The slide focuses on GPUs, given the rise in the usage of GPUs for AI applications. Note that before 2015, < 200W was the standard, and this was pretty much true for CPUs too. As the slide points out, CPUs are now running up to 500W and GPUs are at 1kW and climbing. This also goes for other processors like TPUs. In a recent conversation with a Google engineer, I mentioned 1kW chips and she replied that they were already building 1.2kW implementations. Roman Kaplan, principal AI performance architect at Intel, mentioned in his Gaudi 3 AI accelerator presentation that Gaudi 3 was rated at 900W (air-cooled) and 1200W (liquid-cooled). He also mentioned that customer demand was currently higher for the air-cooled version.
The slide in figure 1 also shows <15kW/rack as being common.

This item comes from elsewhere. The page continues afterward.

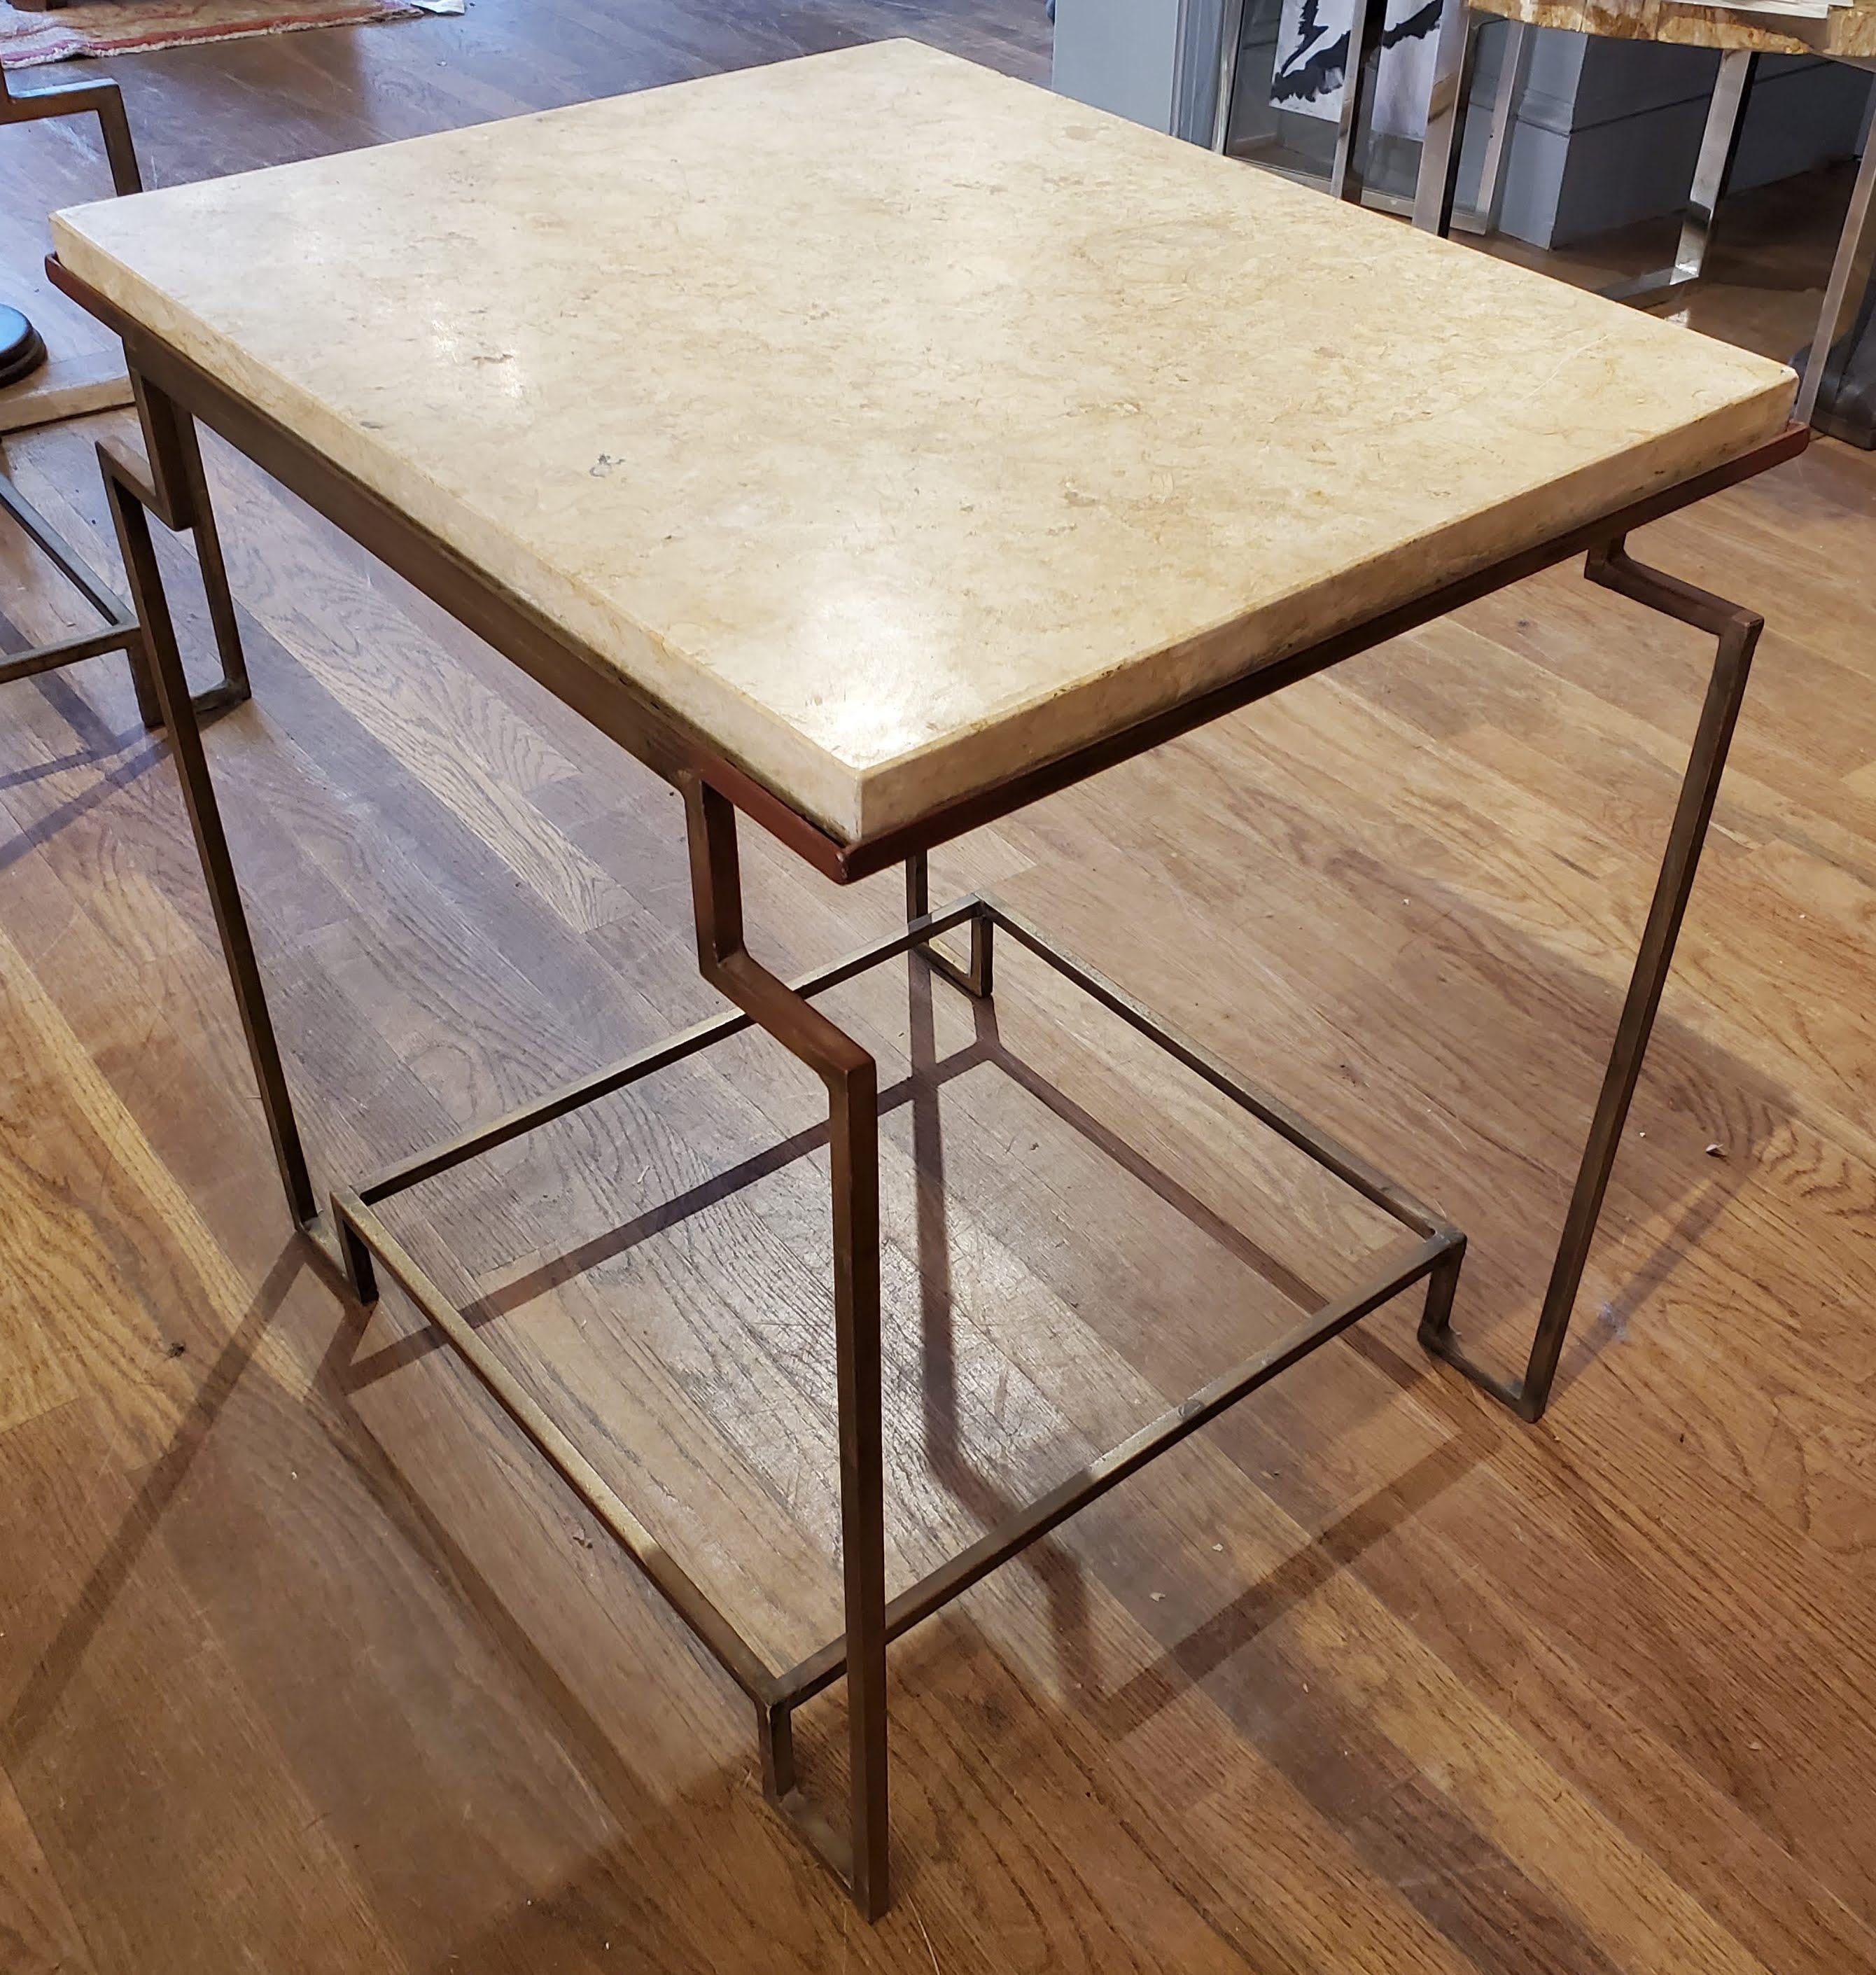 This Art Deco style gilt metal “Apollo” occasional table makes a sleek addition to any room. Custom designed and fabricated by Hastening Designs with excellent proportions. This is a very architectural side table with a “distressed” gilt finish to

If you have 200W CPUs, you can throw a fair number of CPUs into the rack, but remember that there are a lot of other components also drawing power besides the CPU. If you start placing 1kW GPUs into that rack, there aren’t going to be many GPUs in the rack and most of the rack will be empty (wasted) space. So 120kW/rack is now available in some data centers, which is basically the same power as the original Cray-1 supercomputer.
From a total cost of ownership standpoint, the total power cost is not only for the power supplied to the equipment but also for the cooling of the data center. Figure 2 below shows how data centers have been working to increase their power efficiency (PUE).
Fig. 2: Data center power efficiency.
Whether a trend is sustainable is largely driven by economics. In the case shown here with data centers at PUE > 1.5, there’s still a good chunk of efficiency on the table to pursue. Garvens even mentioned scenarios where the heat being pumped out of the data center could be captured for use in heating office space during cold weather or hydroponic agriculture to grow crops quickly. In theory, these scenarios could lead to PUEs <1.0.
Figures 3 and 4 below show the opportunities and benefits of moving to liquid-cooled data centers.
Fig. 3: Outcomes.
Fig. 4: DLC data center benefits.
There’s the potential for a significant, 40%, reduction in electricity costs across the data center. A reduction in carbon emissions related to the total power reductions is also better for the environment. The increased density now allows for more compute-capability in the same floor area and enables future (higher TDP) solutions.
Fig. 5: Economic advantage of DLC vs air cooling.
Figure 5 above sums up the economic advantage of using direct liquid cooling vs. air cooling. These numbers strongly support, especially for AI-targeted data centers, the use of liquid solutions. Much like our sports car example, the future of AI data centers is also liquid-cooled.